Obtaining river drainages was more difficult. No one had digitized the river drainages using hydrological models. We have been working from river drainage polygon coverage that I eyeballed using the rivers and contour coverages. I intend to use Spatial Analyst to generate better drainages utilizing the contour, spot elevation and country boundary coverages obtained from the above mentioned commercial sources. The maps of Costa Rica and Colombia used were those of Digital Chart of the World (1: 1 million).
The GIS software used during the project was PC ARC/INFO and subsequently, ArcView 2.1, 3.0 with the Spatial Analyst Add-in. These tools were generously donated by Esri. Our databases were kept in FileMaker Pro 4.0 . Other specialized software for genetic data analysis and multivariate analysis were also used.
AVENUE scripts developed for the Analyses
In order to use ArcView to summarize the biodiversity of this region reflected in these museum records, a number of AVENUE scripts were written. These scripts should prove useful to anyone interested in similar work and will be made available on the Esri Users' Scripts web site in August, 1999. They are described below:
This script is a modified 'Identify' Tool.. Since sometimes many individual fish were collected from the same location, using the Identify tool would produce a scrolling list that could not be stopped until complete. This tool reports the number of samples at that point and shows the user the first 5. It then asks if you would like to see the next 5, giving the option to stop at any time.
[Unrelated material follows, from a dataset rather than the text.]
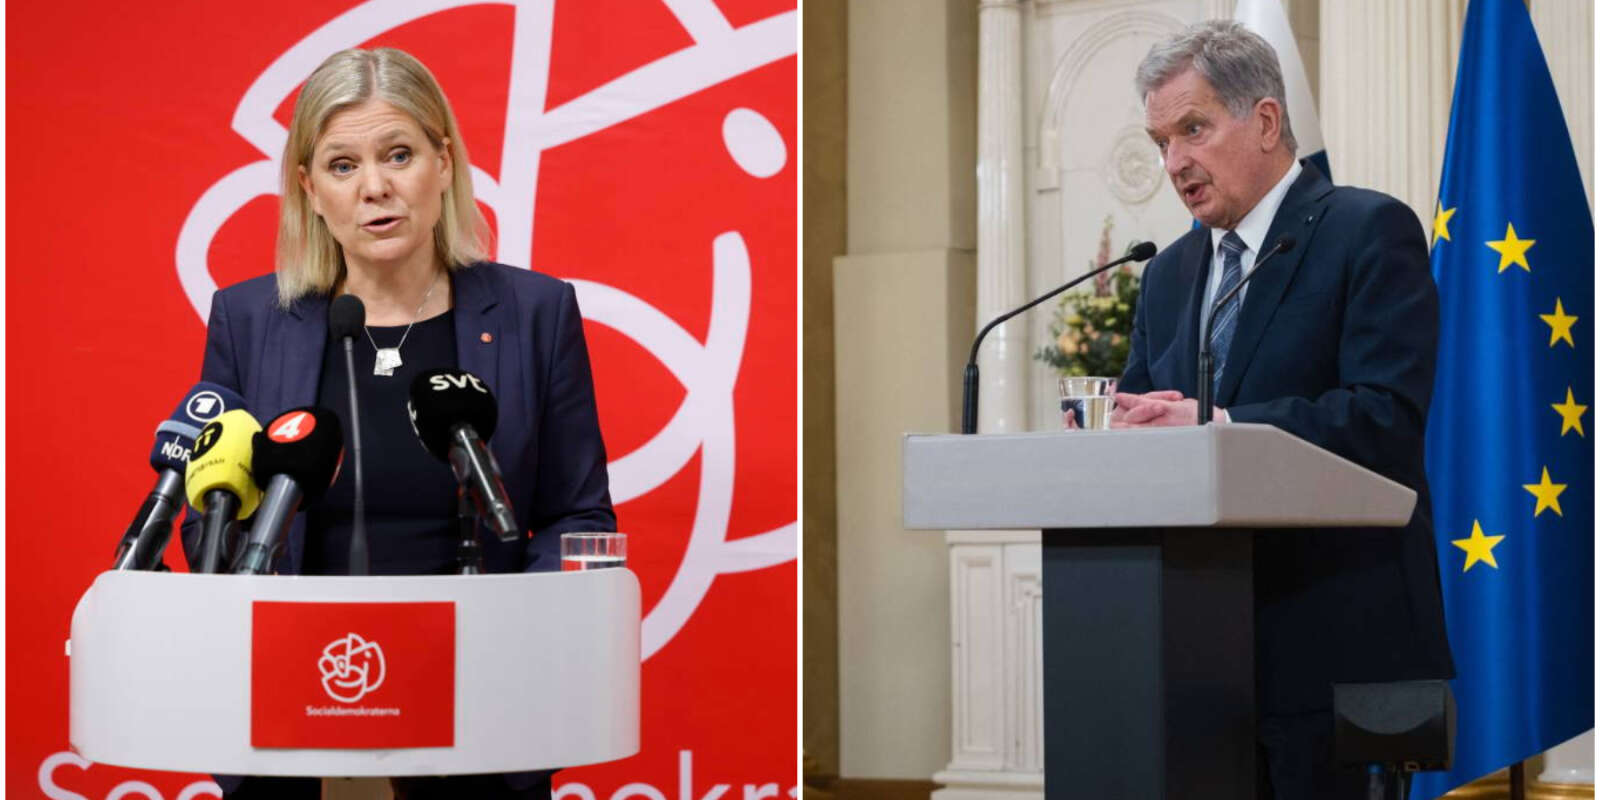 La première ministre suédoise Magdalena Andersson et le président finlandais Sauli Niinistö lors de leur conférence de presse respectives pour demander l’adhésion de leur pays à l’OTAN, à Stockholm et à Helsinki, samedi 15 mai.

This script asks for a polygon coverage (the regions/provinces) and a point theme (the collections points). It then counts the number of unique species within each region. This count is added as a separate field to the polygon theme, allowing one to color code or chart the counts across regions.
This script once again works with a polygon and a point theme. It produces a list of species and the number of regions in which each is found. Looking at those found in a single polygon gives one a count of endemics.
Measures the number of species recorded with increasing sampling effort. Stores the results in a table that can then be plotted in ArcView or any other program to produce species:effort curves (see example in this paper)
Produced shapefiles that represent species ranges.
Works with a polygon and point theme. Asks the user to select a field from the polygon theme and automatically adds a field to the point theme table filling it in with the polygon's field value based on location. Useful to assign biogeographic region category to species records.
Results and Conclusions
The adjacent map was prepared by drawing a square grid over the landscape and counting the number of species/grid cell. The highest species diversity by this analysis was observed the Choco and Tuira basins - a finding that has reported by World Wildlife Fund in their studies (Dinerstein et al, 1997). Maps of each individual species were produced ( not shown).
Summaries of counts for each country in the region of study were produced and are shown above. Simultaneously, examination of genetic analysis seemed to indicate that the drainages of the LCA landscape could be coalesced into geographically contiguous regions based on similarity at a population level within species.
Both the Venn diagram and the table show a fall in diversity from south to north. The number of species shared between the various named regions also reflect a turnover in the species composition. This can be further seen by comparing the pie charts for each region showing the composition at the order level.
Roeboides is a primary freshwater fish found in many parts of lower Central America. The 'tree' diagram next to the picture of the fish represents the relationship of fish from the different regions within LCA (colored blocks). The tree is produced by measuring similarity distances between a stretch of mitochondrial DNA 842 bases in length representing the genes ATP synthase subunits 8 & 6. Note that groups of branches occur within a single biogeographic region and that distances between these groups are much larger in comparison.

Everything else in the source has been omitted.